For our Spanish-speaking readers, you can read the original text in italics. The rest of us can read the English translations.

At Columbia University, where I’ve been studying this past year, the truth is that politics is not something you breathe in the air. However, I look back at the Spanish university where I studied before, and the feeling was quite different.

En Columbia University, donde he estado estudiando este último año, la verdad es que la política no es algo que se respire en el aire. En cambio, miro atrás, hacia las universidades españolas donde estudié antes, y la sensación resultaba bien distinta.

Columbia University.  Creative Commons photo by Flickr user Barbara (Jorbasa)
Columbia University. Creative Commons photo by Flickr user Barbara (Jorbasa)

Somehow I get the feeling (which may well be completely wrong, and why I call it just a “feeling”) that this is the result largely of the system itself. Columbia University costs several years’ salary to attend, and students end up with tens of thousands, sometimes hundreds of thousands, of dollars of debt after their studies.

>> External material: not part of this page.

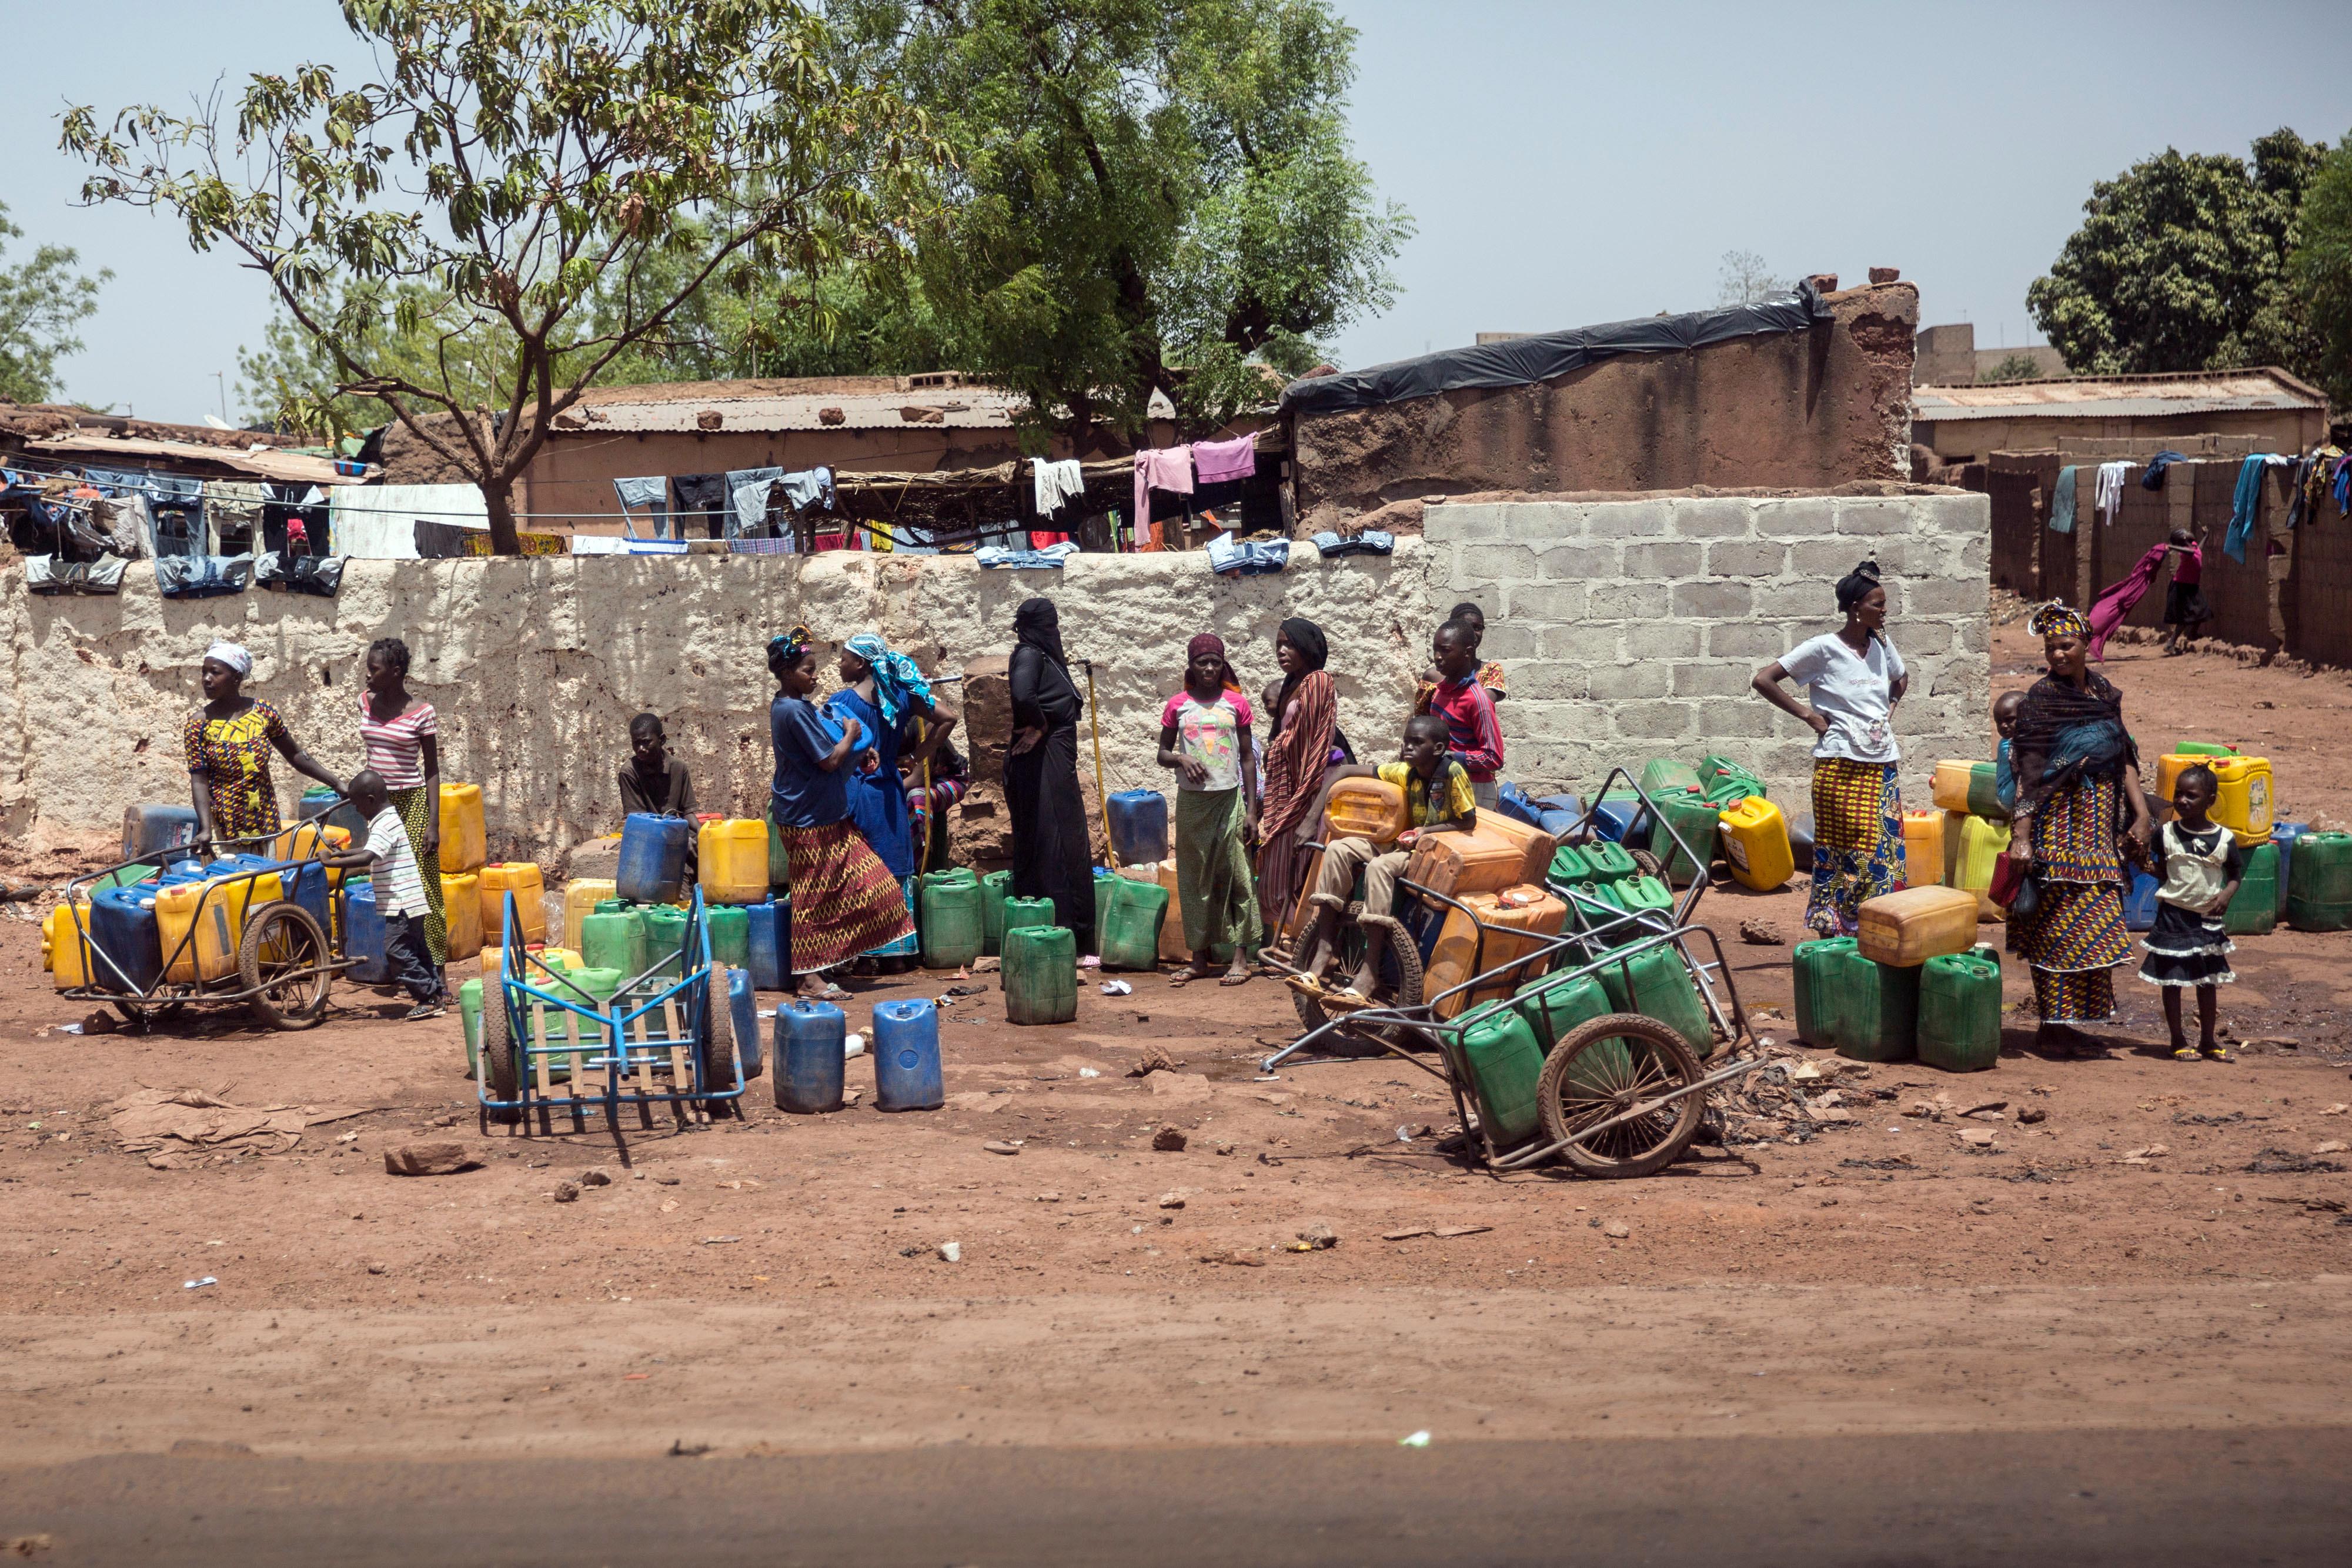 Frauen stehen mit Wasserkanistern an einer Straße in Bamako.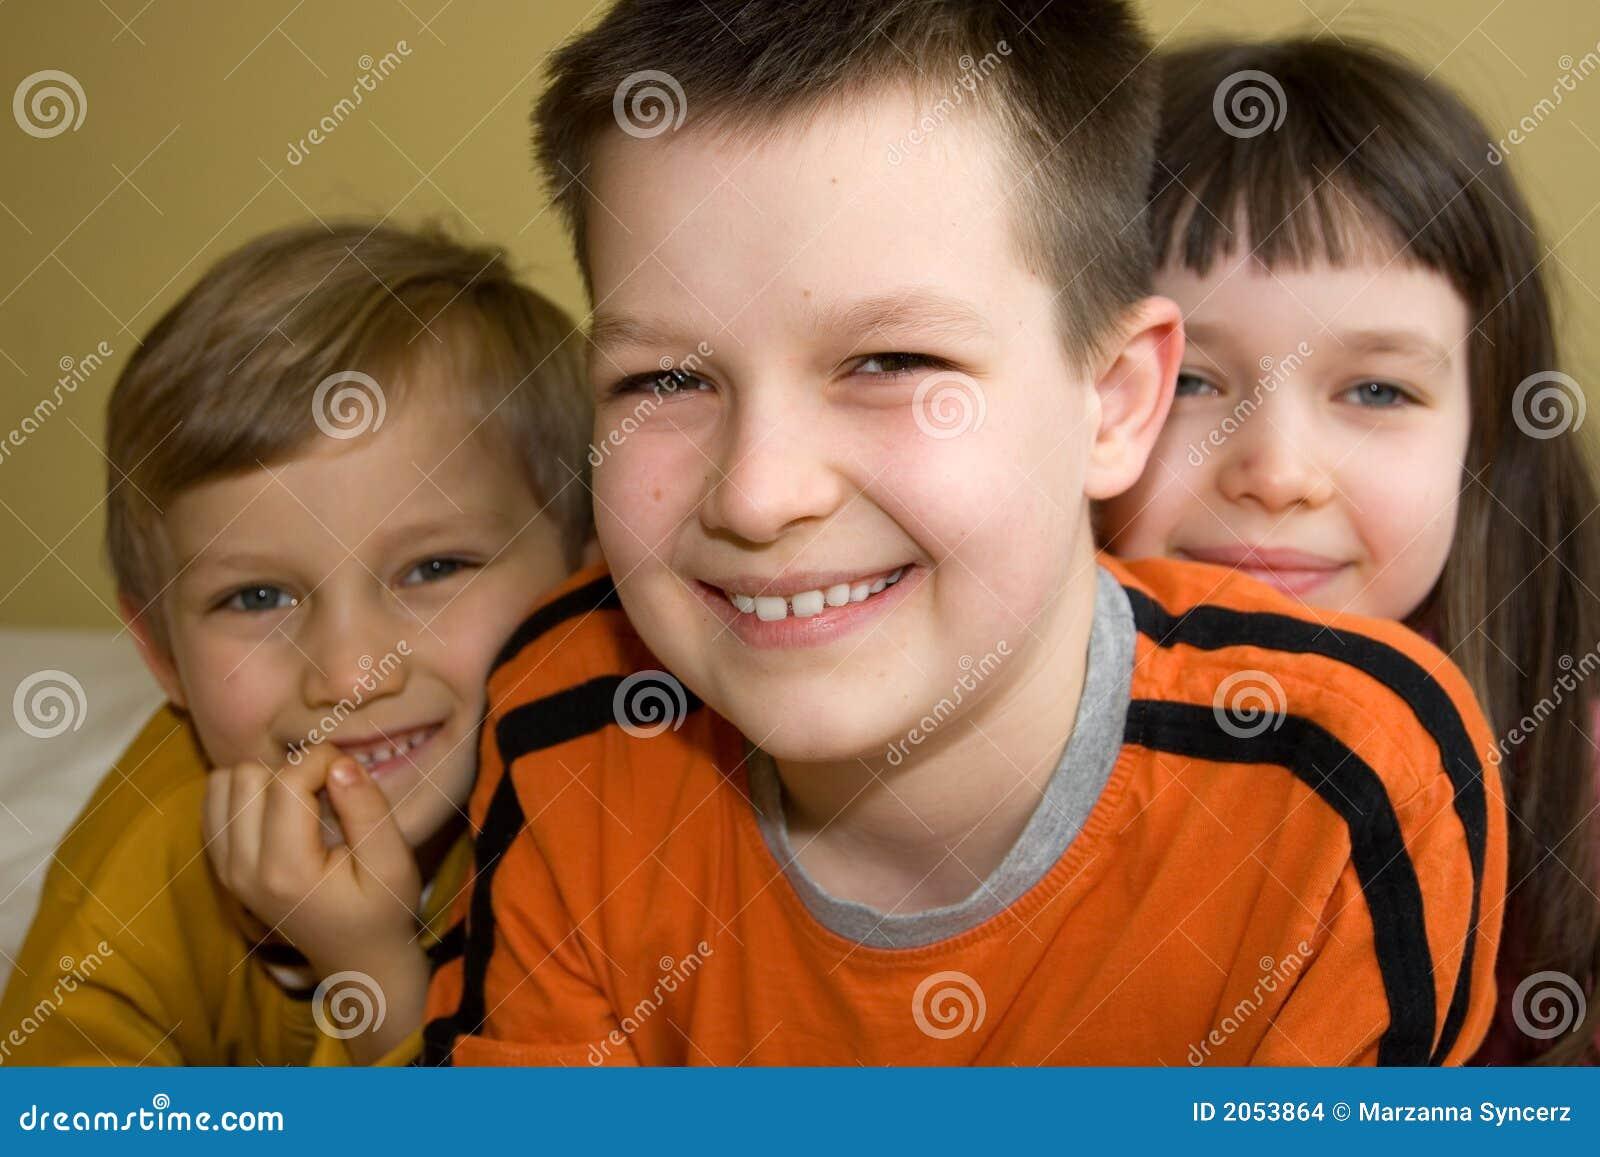 испуская лучи усмешки 3 детей

In Spain, public education is relatively affordable, so virtually anyone can study – although that is changing slightly. Thus, class differences, or the representation of social strata, is quite different in the American and Spanish university environments.

De algún modo, me da la sensación (que puede bien ser completamente errónea; y por ello lo llamo tan solo “sensación”) de que eso es fruto, en gran parte, del sistema en sí mismo. Columbia, universidad que cuesta diversos años de sueldo por curso, donde los estudiantes contraen decenas, a veces centenares de miles de dólares de deuda por un par o tres o cuatro años estudiados. España, donde la educación es eminentemente pública y relativamente asequible. En otras palabras, donde virtualmente cualquiera puede estudiar – aunque la situación está cambiando ligeramente. Por ello, la diferencia de clases, o la representación de estratos sociales, es bien distinta en cada uno de estos contextos.

Students wearing Columbia University sweatshirts.  Creative Commons photo by Flickr user airsoenxen
Students wearing Columbia University sweatshirts. Creative Commons photo by Flickr user airsoenxen

It is this diversity of wealth and social class that is represented in Spanish universities, which in my opinion gives way to a more highly politicized intellectual mass compared to what I have noticed between the mean here in Columbia University (because, all in all, diversity here is just a question of majorities and minorities) .

Es esa diversidad, esa riqueza poblacional que queda representada en España, la que a mi parecer da paso y pasto a una masa intelectual altamente politizada – en comparación con lo que he apreciado entre la media (porque, como siempre, hay de todo en todas partes, se trata tan solo de mayorías y minorías) acá en Columbia University.